Nevertheless, available data do not preclude the possibility that the maximum reported age at death (MRAD) continues to increase slowly over time. Vijg and Le Bourg [1] cite a recent article in Nature [5] in support of their claim that the maximum reported age at death has not increased for about 25 years and is set to be around 115 years. Yet, several independent researchers challenged the conclusion of this Nature article, criticizing its methodological limitations.
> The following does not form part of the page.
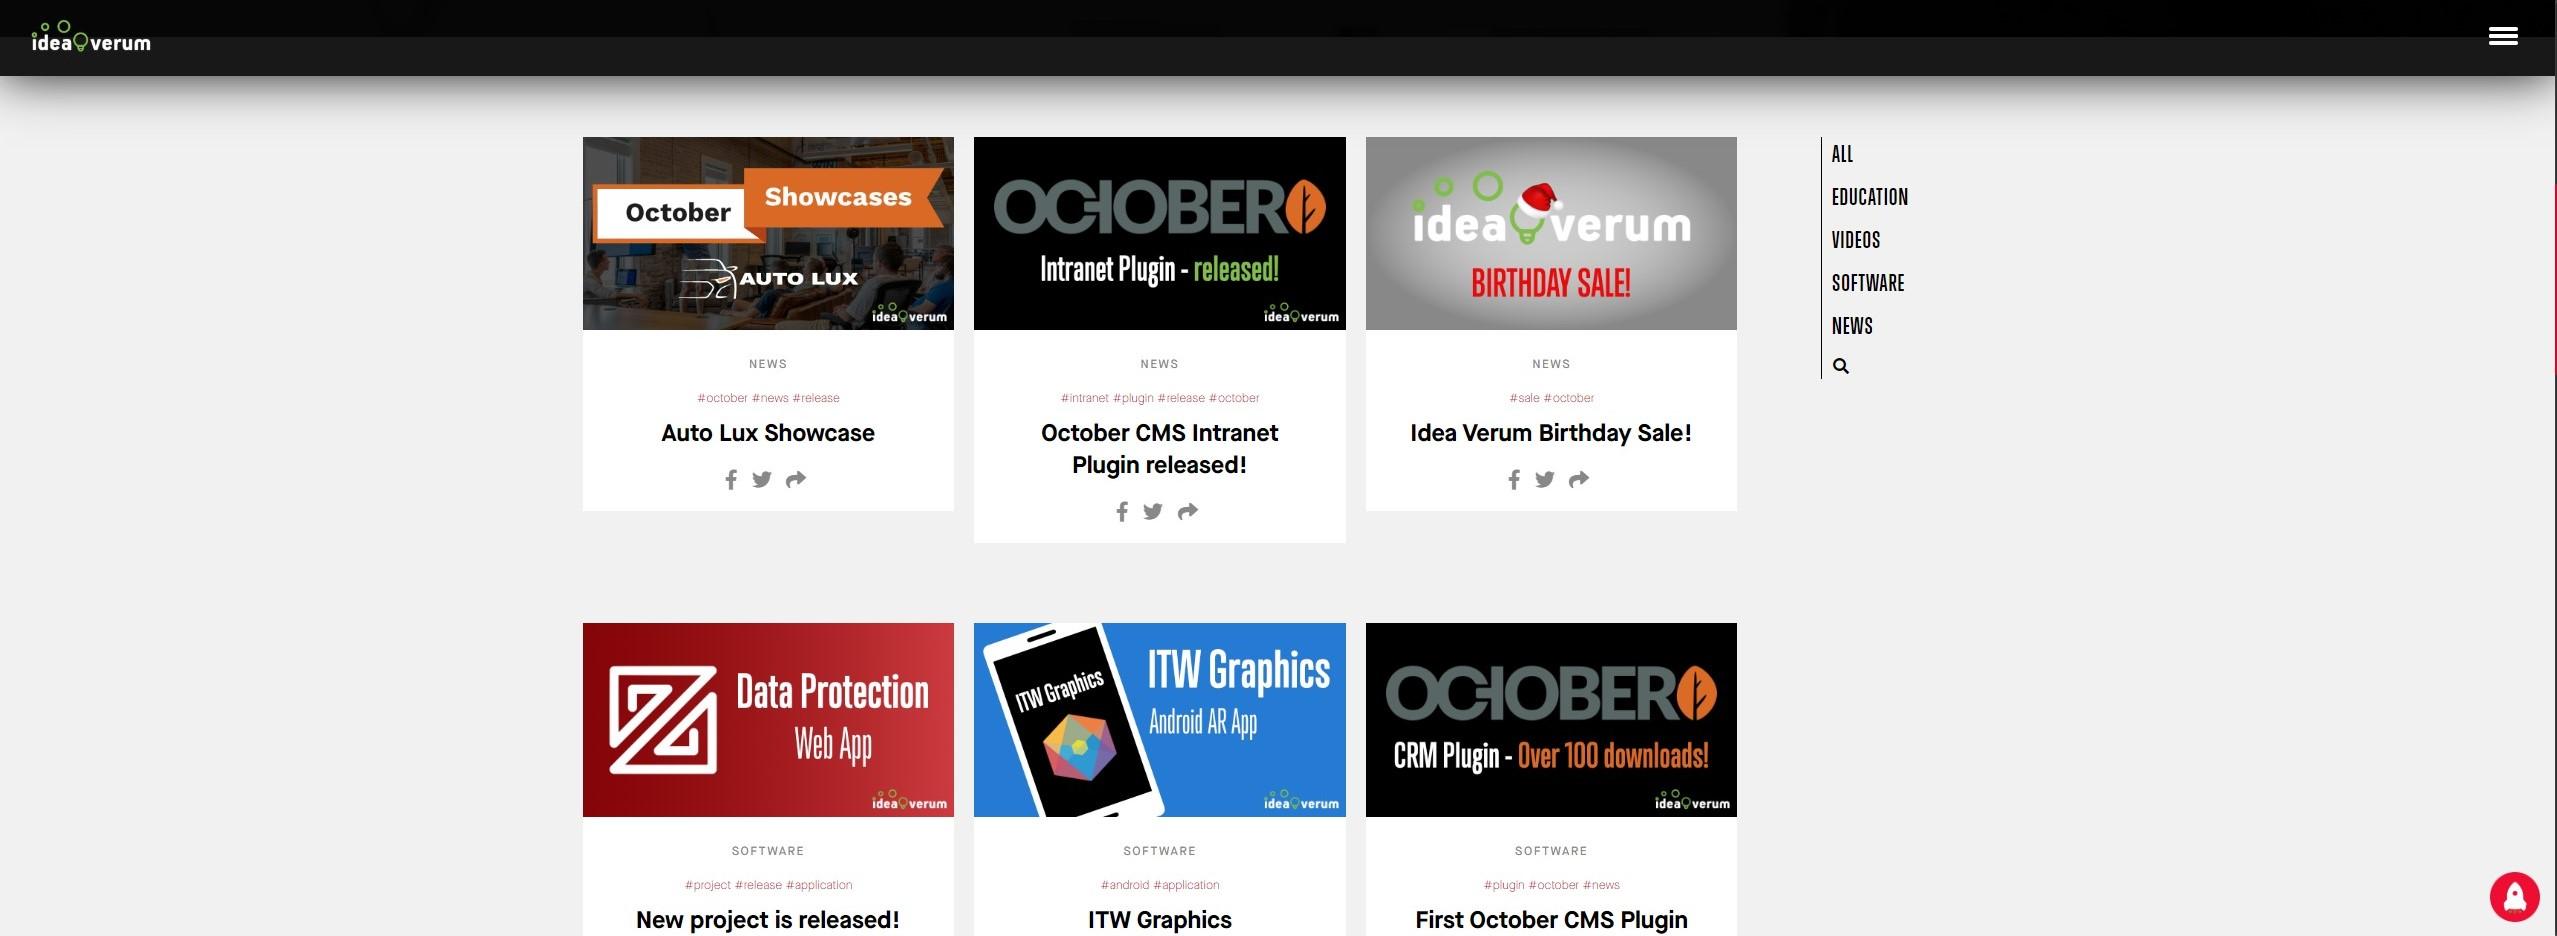 verum option mobili versija mokytojo uždarbis internete

Their criticism has been published online on the academic website Publons [6] in the form of 6 postpublication peer reviews.
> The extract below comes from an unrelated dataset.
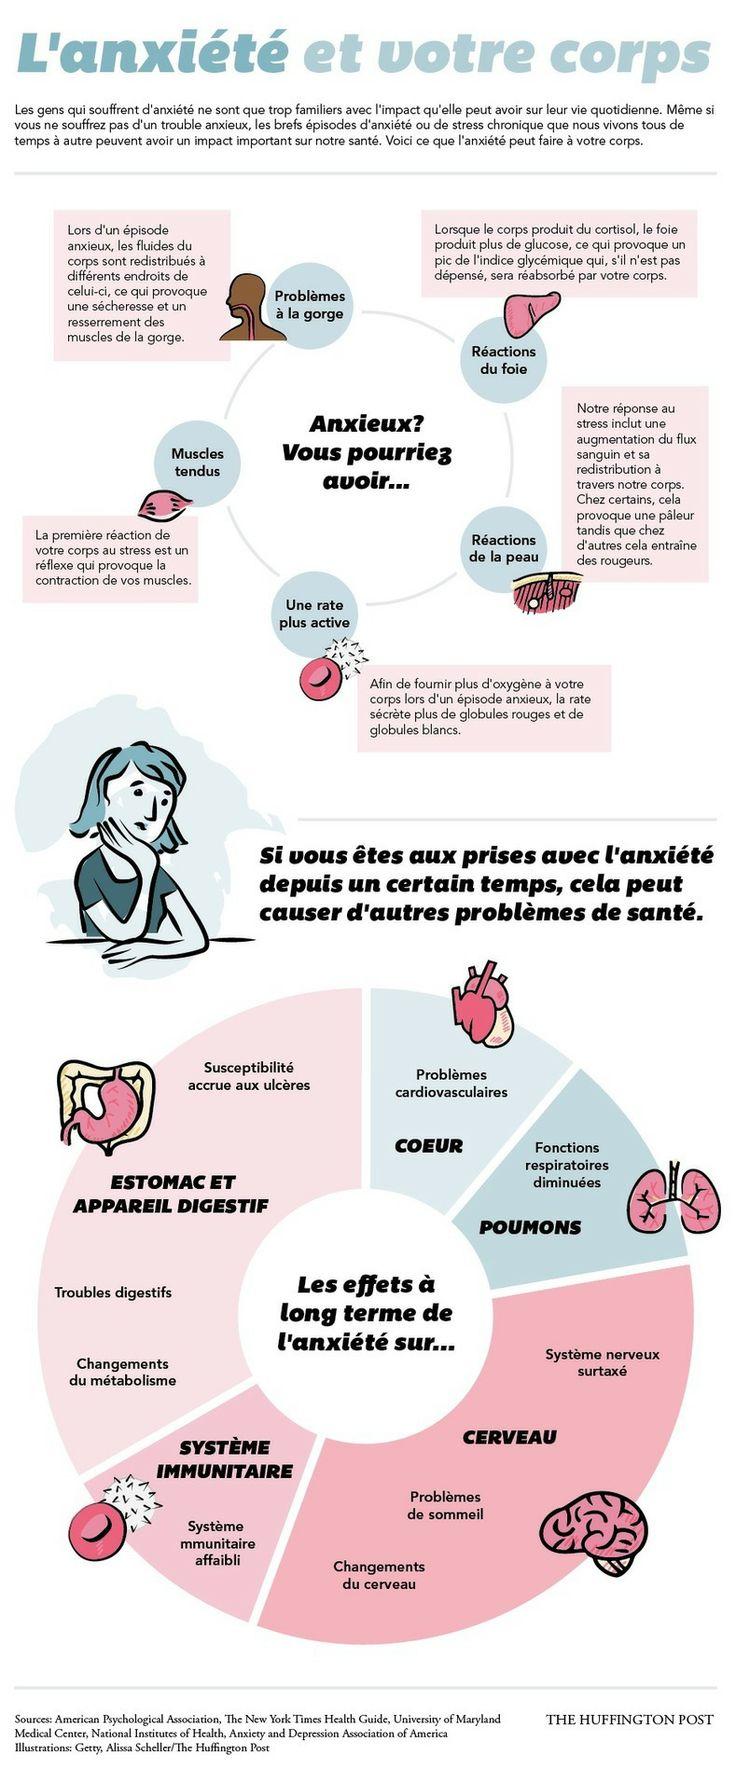 Les effets de l'anxiété sur votre santé

Indeed, the maximum reported age at death in 2017 has exceeded 115 years thanks to the Italian supercentenarian Emma Martina Luigia Morano (November 29, 1899 - April 15, 2017), who lived 117 years and 137 days [7]. This new case is consistent with the possibility that the MRAD does continue to increase slowly over time.
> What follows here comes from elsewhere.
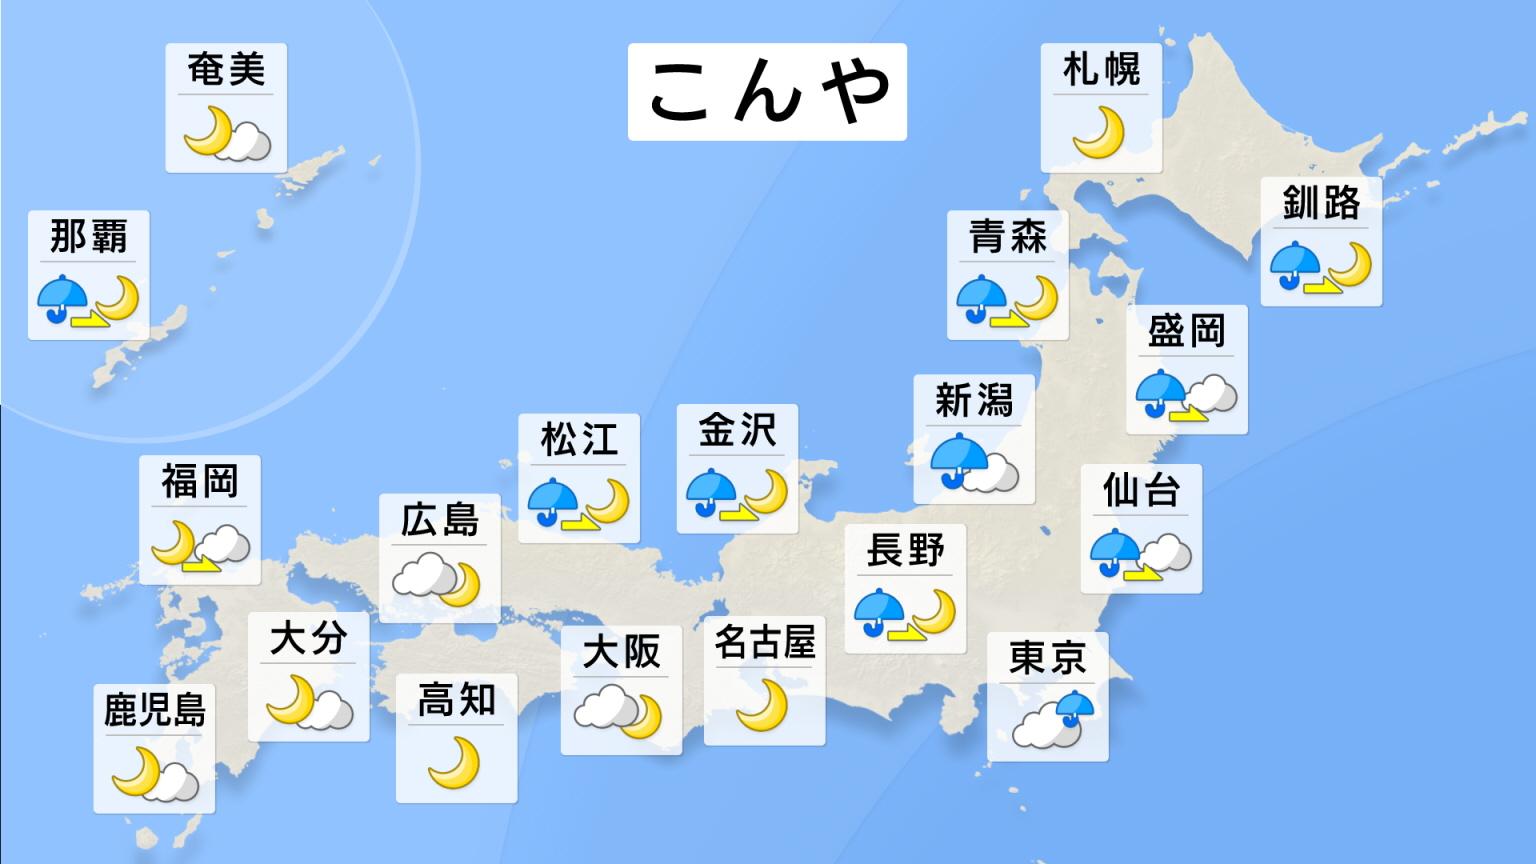 全国の天気 >> 天気予報 >> 全国天気 こんや

Furthermore, according to the expert opinion of the eminent gerontologist Steven Austad, someone born before 2001 will reach the age of 150 years by the year 2150 [8]. Indeed, claiming the inevitable limit to human life span to be at about 115 years is equivalent to the claim of inevitable failure of all further efforts of gerontologists and other scientists in increasing human health span (and subsequently longevity). The consensus letter published in Science by a group of 7 gerontologists states: “... there are currently no scientifically proven antiaging medicines, but legitimate and important scientific efforts are under way to develop them” [9]. There is no reason to believe that these efforts will inevitably fail [7].

Also note that the Nature study [5] cited by Vijg and Le Bourg [1] assumed that MRAD follows a Poisson distribution. This distribution does not have a fixed upper limit; therefore there is no inevitable fixed limit to human longevity, if we accept a hypothesis about Poisson distribution.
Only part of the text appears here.